Outre les émigrés venus chercher du travail ou une vie meilleure, il y avait évidemment des exilés politiques : intellectuels, militants parmi lesquels par exemple le poète Manuel Alegre ou Mário Soares. Ce dernier, acteur majeur de la refondation du Parti socialiste portugais, enseignait à l’université de Vincennes. Ses étudiants constatèrent son absence et quelques jours plus tard, ils apprirent que leur professeur avait contribué au succès d’une Révolution dans un pays dont il deviendrait le Président.
Soares engagea très vite le Portugal sur deux voies : la décolonisation et la marche vers l’adhésion à ce qui était avant notre Union européenne, la Communauté économique européenne, mais pour des hommes comme lui, ses contemporains comme François Mitterrand, Felipe Gonzalez, les deux Helmut – Brandt et Schmidt – Andréas Papandréou, la destinée européenne ne se limite pas au marché, c’est une communauté de destin pour le renforcement de la paix et de la démocratie en mettant en commun ce qui permet aux peuples de vivre mieux les uns avec les autres plutôt que les uns aux dépens des autres…

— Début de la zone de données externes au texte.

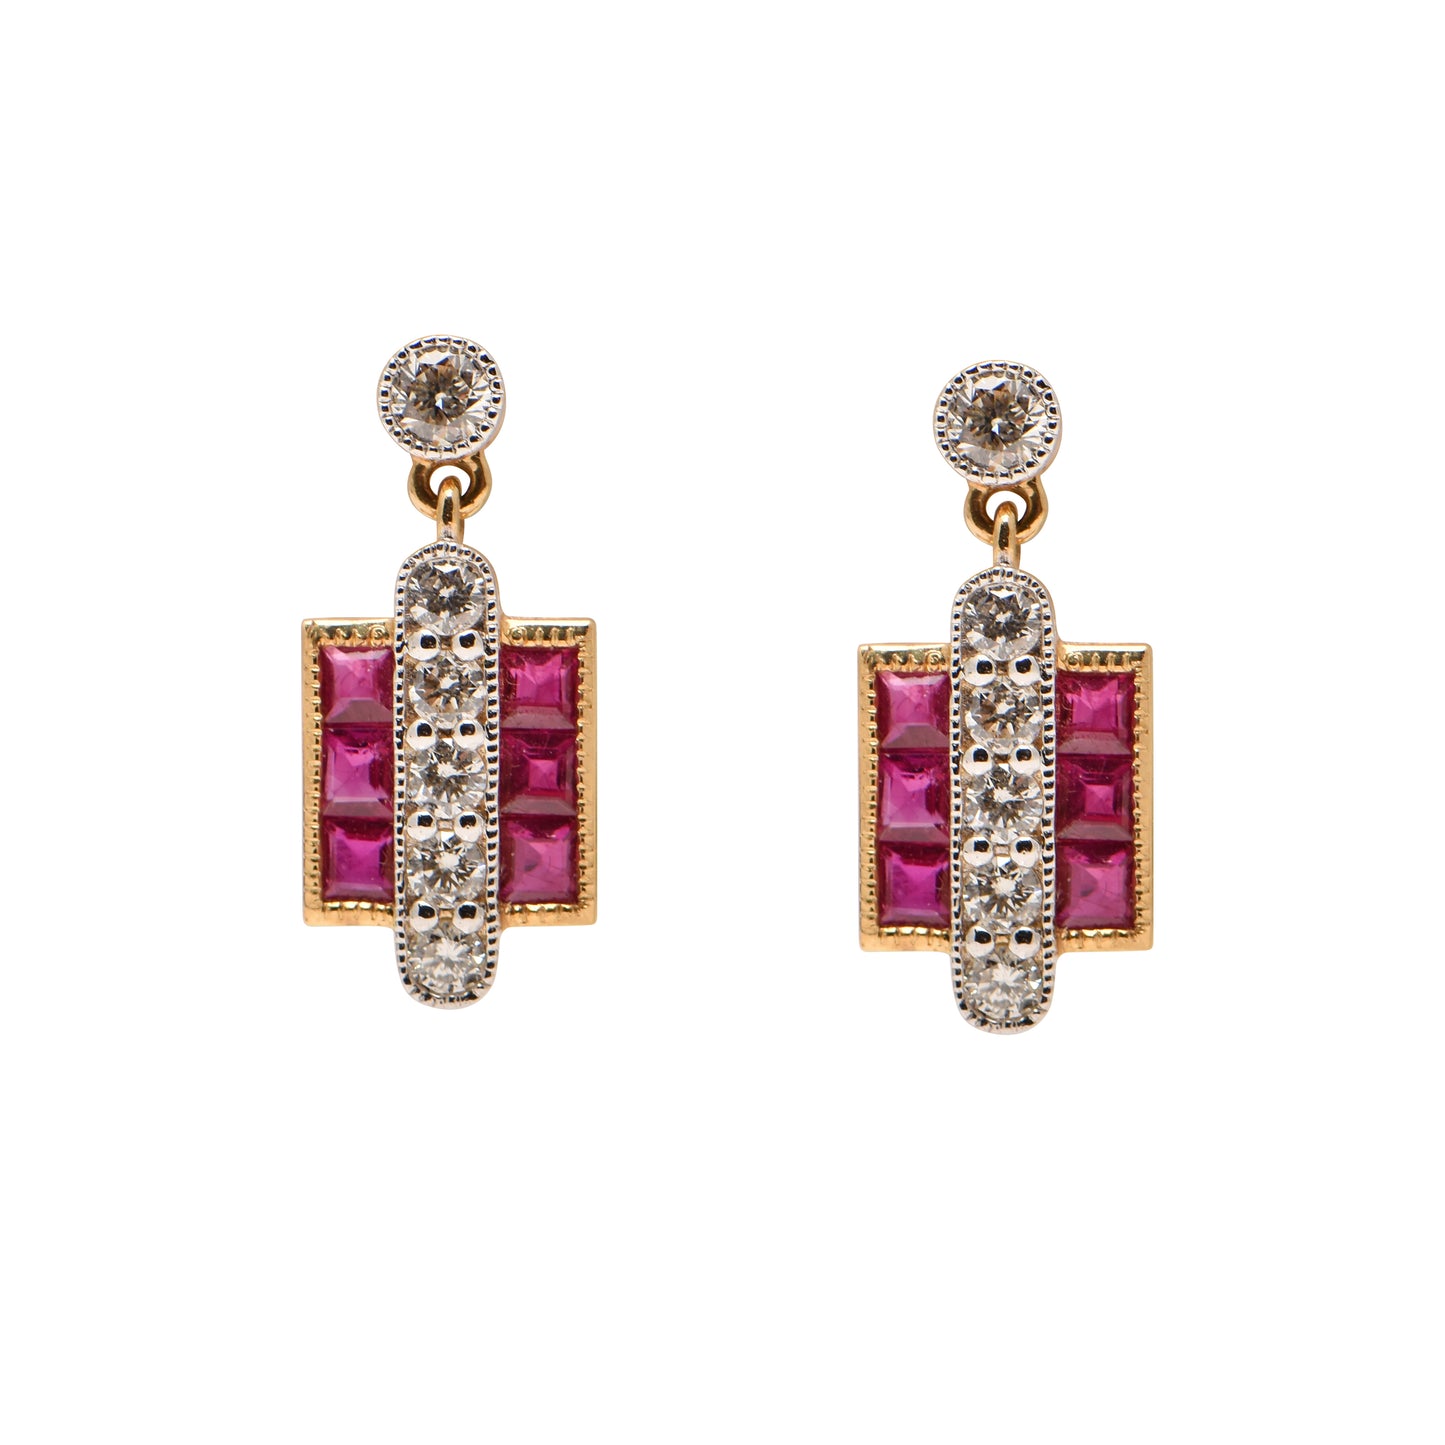 Ruby and Diamond Earrings in 18ct Gold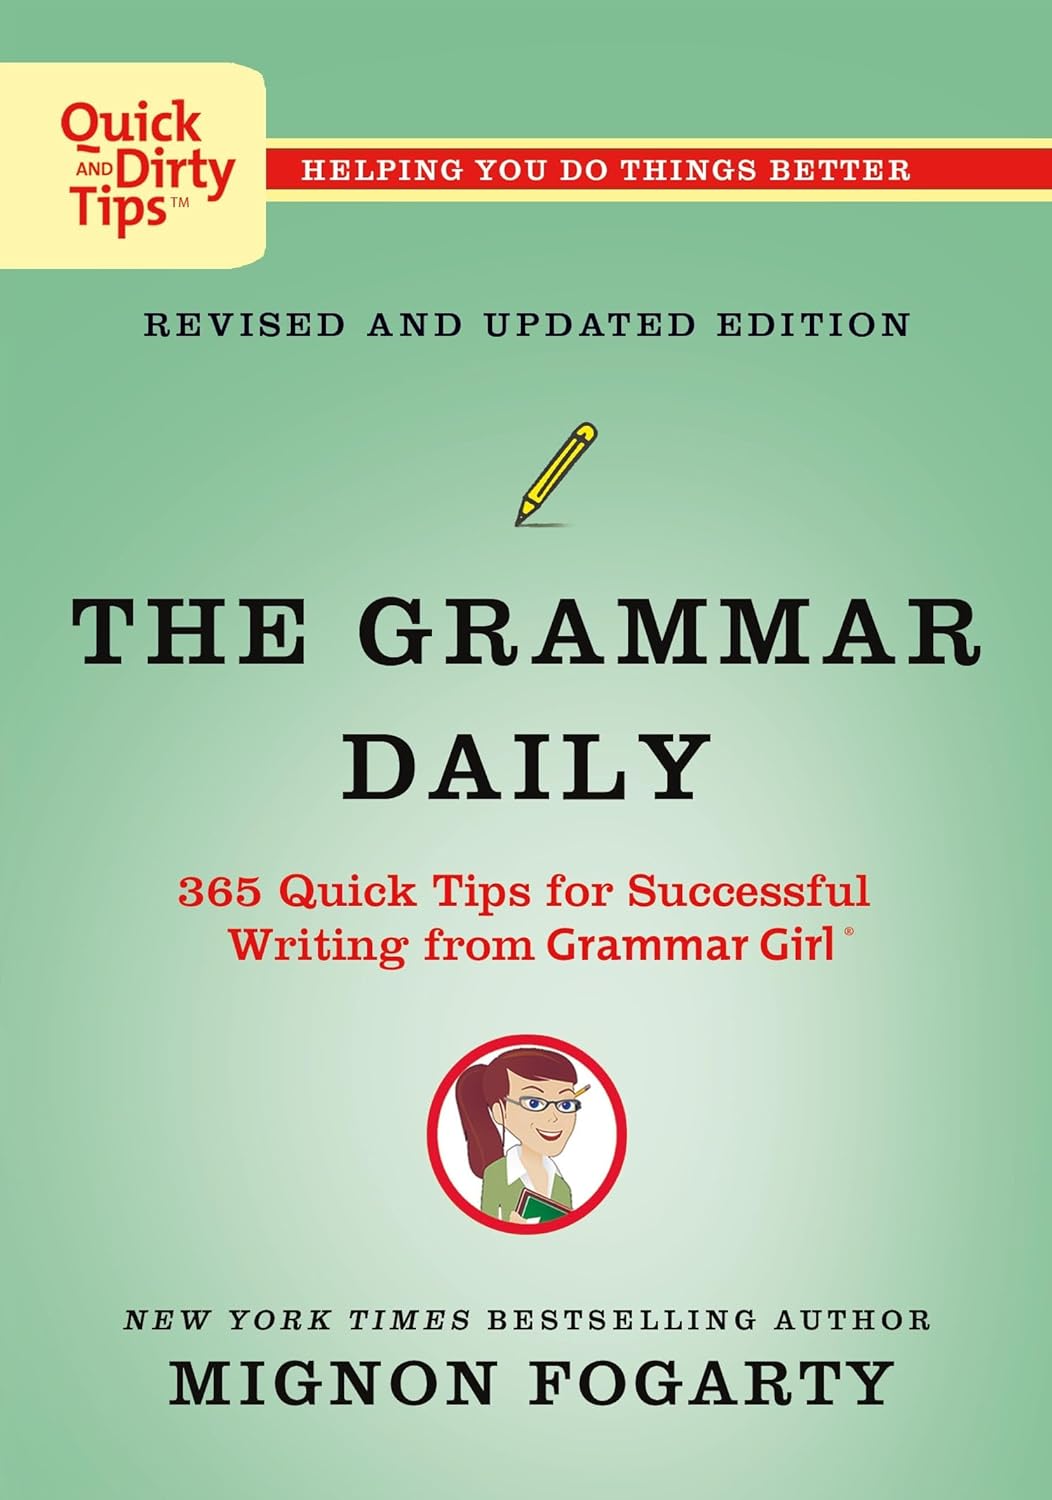 The Grammar Daily 365 Quick Tips for Successful Writing from Grammar Girl (Revised) (Quick & Dirty Tips) - SureShot Books Publishing LLC

Le chemin vers l’adhésion ne fut pas un parcours de santé. Le patronat portugais est alors majoritairement contre alors que la CEE est le principal partenaire économique du pays.
Les milieux agricoles, viticoles ou encore le secteur de la pêche dans le sud de la France sont alors réticents à l’entrée de l’Espagne et du Portugal.
Quand une partie de la classe politique française rejetait l’élargissement de la CEE
Lors du débat parlementaire, les communistes par la voix de Robert Montdargent, député maire d’Argenteuil dans le Val d’Oise, s’oppose à cet élargissement tout en revendiquant le soutien des communistes à ceux des Espagnols et des Portugais qui s’étaient opposés à la dictature. Il parle alors de « graves bouleversements que l’on tente d’imposer aux pays européens, en particulier à la France ».
Jacques Chirac, leader de l’opposition, annonce qu’il renégociera le traité d’adhésion s’il est en position pour le faire, jugeant l’entrée du Portugal – alors dirigé par un gouvernement de centre droit – contraire aux intérêts de la France.
Depuis, les choses ont bien changé. Le Portugal a cessé d’être la cible de clichés et d’un chauvinisme d’un autre temps, jusqu’à la crise financière de 2008-2009 durant laquelle, le « P » du sobriquet « PIGS » par lequel une certaine presse néo-libérale moquait les difficultés des pays d’Europe du sud (Portugal, Italie, Grèce, Espagne) considérés comme des économies faibles…
L’union européenne a souvent vu lors de ses élargissements une hostilité mâtinée de xénophobie et de clichés. Lorsqu’il est question de divergences de vues avec l’Allemagne, qui n’a pas lu ou entendu des propos germanophobes ? Et que dire de la façon dont certains appréhendent les pays d’Europe centrale ou orientale ?
On est toujours l’étranger de quelqu’un. Se souvenir de Linda de Suza est indissociable de ce que les émigrés portugais ont connu comme difficultés.
Le Portugal, ce petit pays de l’Union européenne a fait une grande démonstration de sa capacité d’adaptation, un pays où l’extrême droite demeure encore groupusculaire, où la gauche se rassemble suffisamment longtemps pour qu’un gouvernement progressiste puisse sortir les Portugais de l’austérité…Pour avoir une Europe plus forte, il faut des Européens plus solidaires. Cela se passe bien sûr au niveau des gouvernements, mais aussi au niveau de celles et ceux qui « font » l’opinion.